Looking towards the future, what prospects or goals is Evergreen working towards? Can you share some upcoming projects or areas of focus?
We are going after the most severe and untreatable diseases. So one of our projects is focused on glioblastoma, which famously has a median survival rate of just about 14 months. The reason I think this is so important is because there’s really no hope for those patients. And the current standard of care is radiating a quadrant of the brain with external beam radiotherapy, which has huge side effects. So even if we aren’t able to increase the survival rate, we can at least hopefully be more targeted in treatment to reduce side effects and give the patients a better quality of life.
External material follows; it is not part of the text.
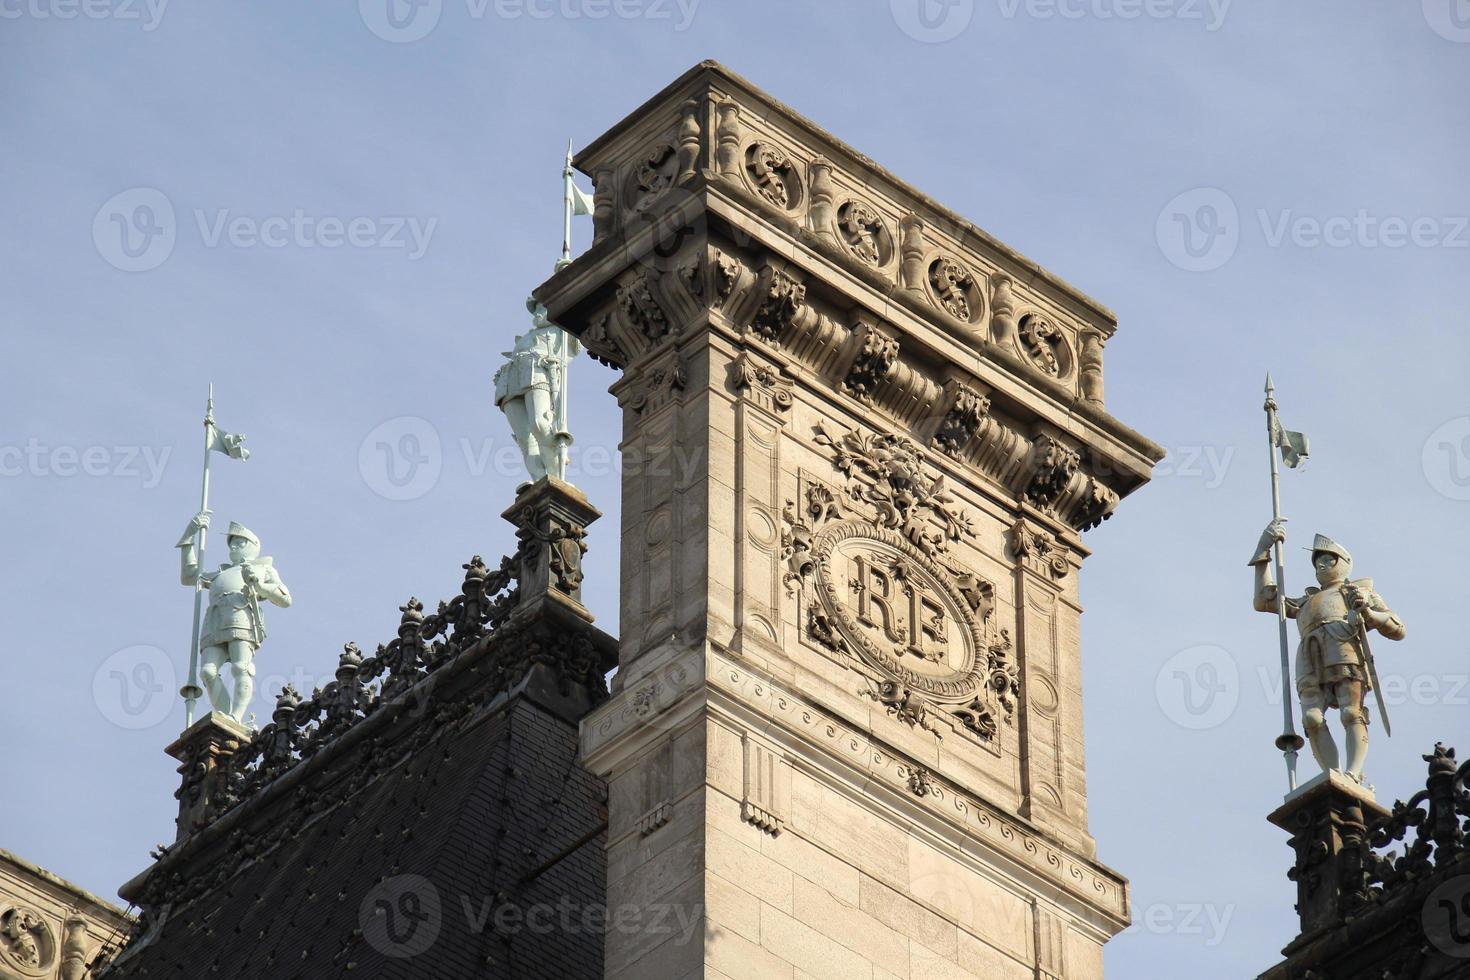 toit de la mairie de paris, france. photo

Pancreatic cancer, glioblastoma, many cancers that affect adolescents; these are the diseases where patients have no hope of survival under current standards of care. So here is where we think we can provide that hope. Another example would be de-differentiated multi-metastatic disease. I think surgeons can’t really do anything because you can only remove so many metastases, and external beam radiotherapy would be an issue too because the patient can only handle so much radiation. So providing targeted radiation via radiopharmaceuticals might make a big difference for these patients. And we’ve seen that with prostate cancer, where patients who had upwards of 50 metastases then ended up with none after two courses of treatment. That’s almost a miracle cure. At the end of the day it’s science, but it’s really impressive.
I really hope that we will find the next Pluvicto. Even if it’s not us, I hope that there is one company, out of all those radiopharma companies being founded, that finds the next big blockbuster. Because if there’s no big blockbuster, then radioligand therapy is going to remain a one trick pony and we really don’t want that. The technology is very multifaceted and my hope is that 10 years from now, it’ll be something that is as well known or as natural to drug development as antibody drug conjugates.
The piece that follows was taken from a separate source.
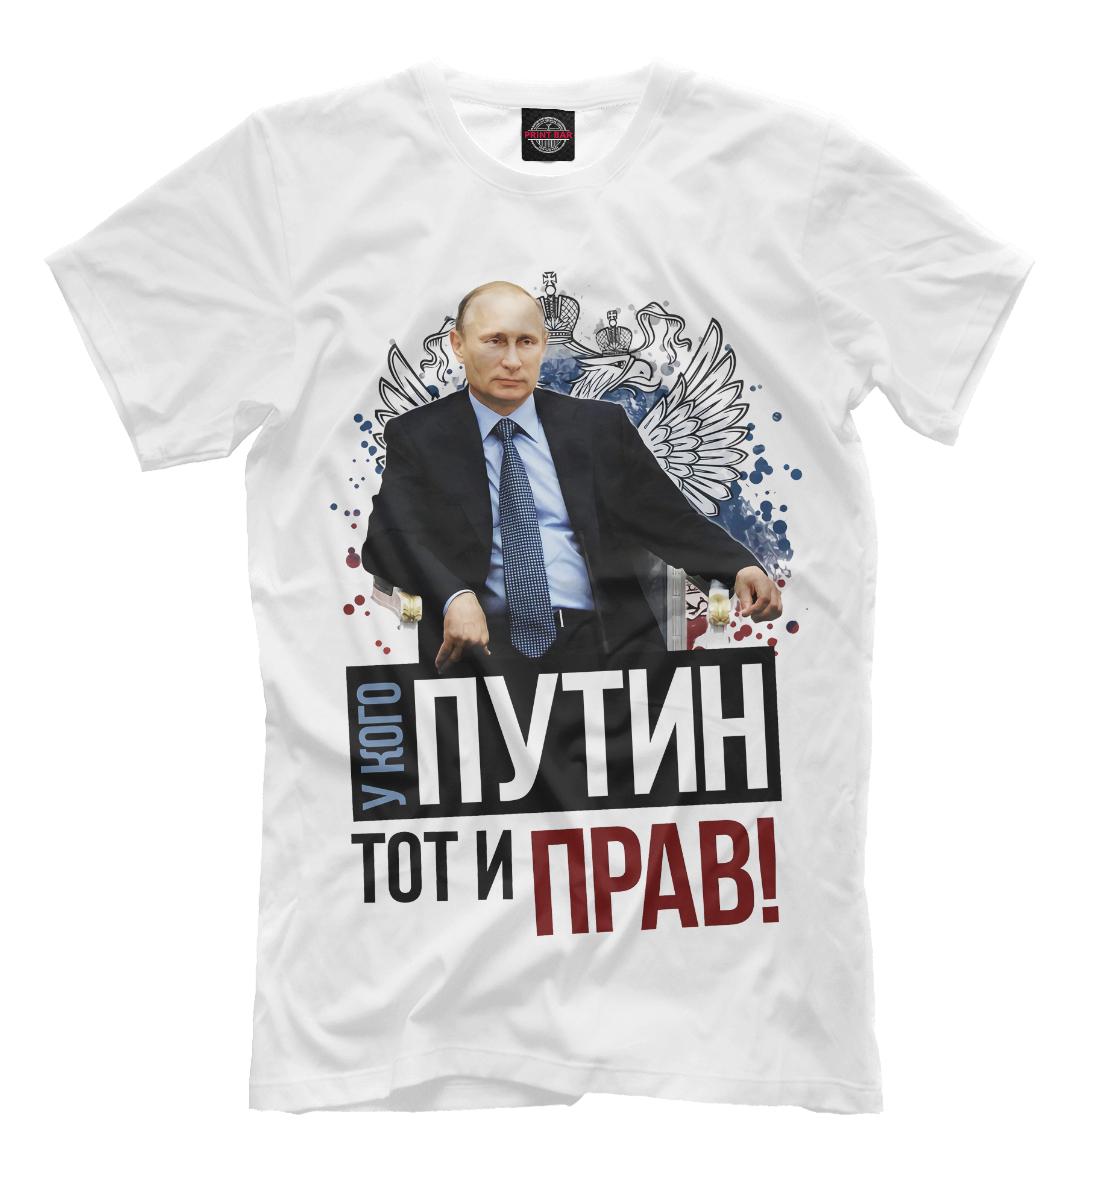 Купить У кого Путин, тот и прав, Printbar, Футболки, PUT-371639-fut-2

I’ve read that manufacturing and supply chain management can be complex in the radiopharma sector due to radioisotope half-life. What strategies does Evergreen employ to address these challenges and ensure a stable supply?
I would actually like to challenge that take. The supply chain just needs to be made resilient, so that if one segment drops out, there’s another one that can take over. And the best example for that is tuna fish. Tokyo has these very famous fish markets, and in the morning you can see these giant tuna fish being auctioned off that had just come in from the sea. And two days later you can be eating that fish in your sushi on Columbus Circle in New York City. That works because of a very resilient supply chain and redundancy within that supply chain. I mean lutetium 177 has a half life of seven days, but that tuna fish has much less than that. So if it works for sushi grade tuna, then I have high hopes for radiopharmaceuticals.
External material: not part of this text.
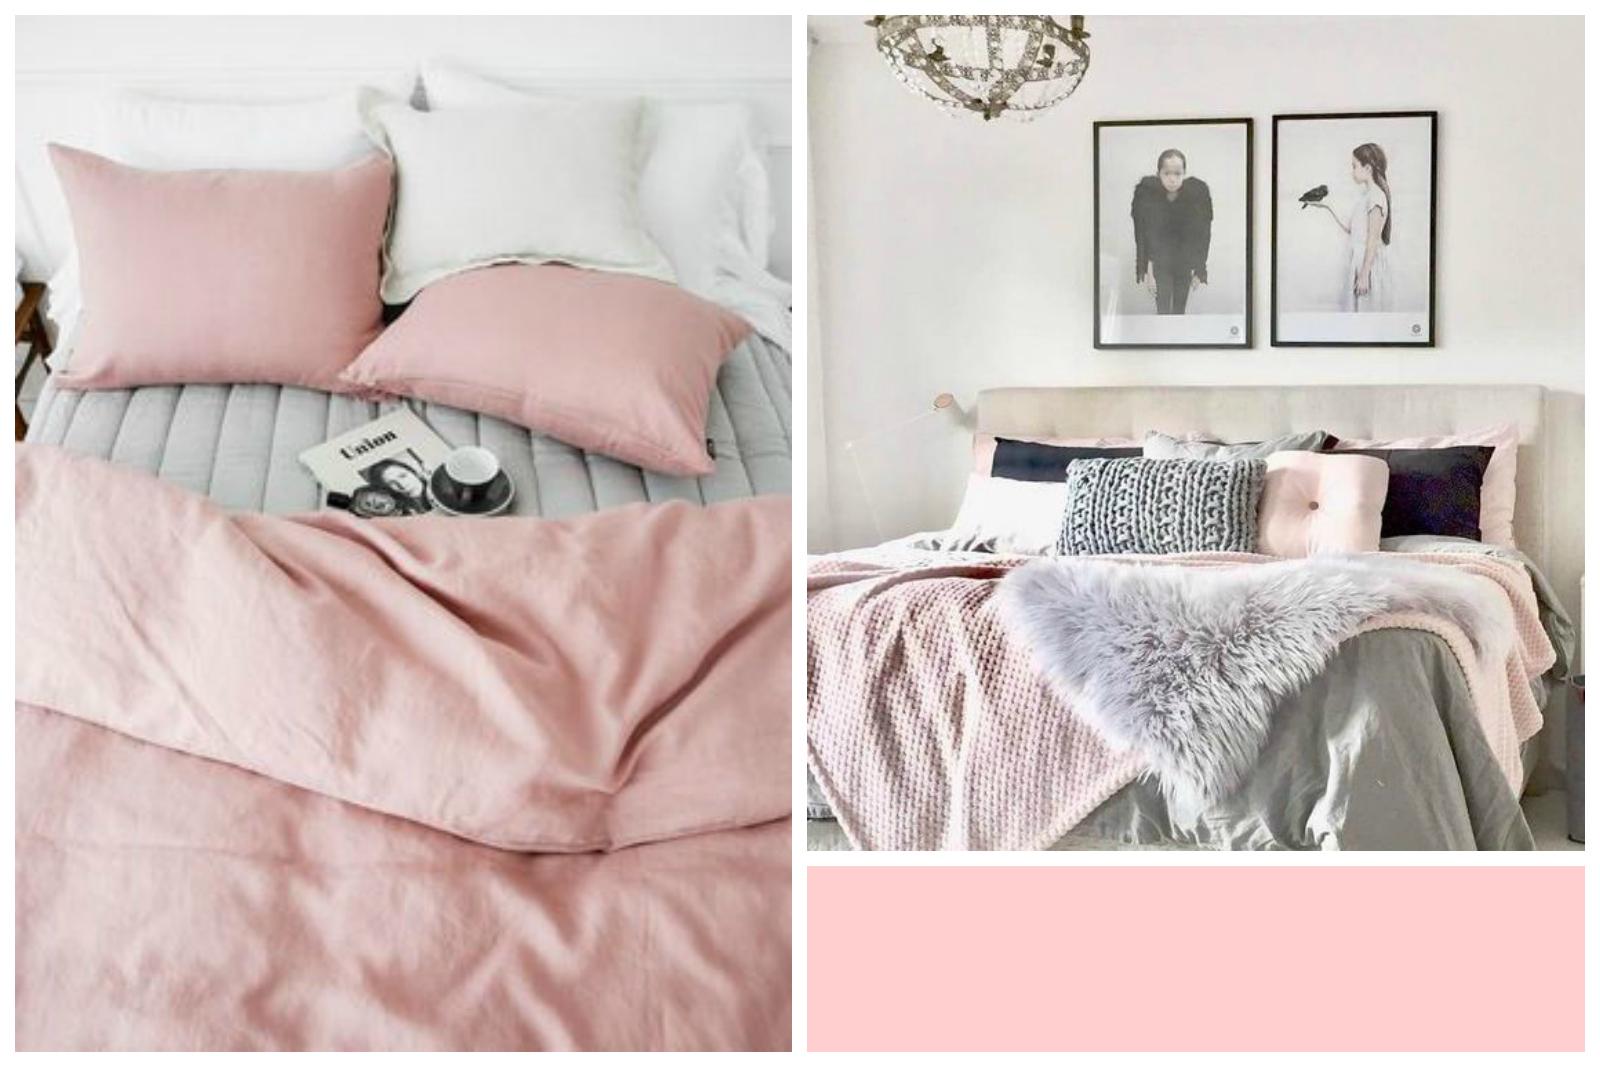 Como decorar una cama con cojines simple decorar la - Camas con cojines ...

How does Evergreen see its role within the broader landscape of the biotech industry? What impact do you hope to make?
So our CDMO side of the business is there to serve our customers, our diverse clinical products business is there to provide additional options to patients, and the discovery side is really to find some new medicines for previously untreatable diseases. And I mean if we succeed, that would speak for itself. So essentially it’s not our goal to create something that is useful for people on a day-to-day basis, it’s not all about the bottom line for us. And I know it’s not really the traditional startup mentality that many startups have, but we want to be old school, you know, like the 70s in that way, and really do something and make something and have a site where people work in a lab rather than at a computer.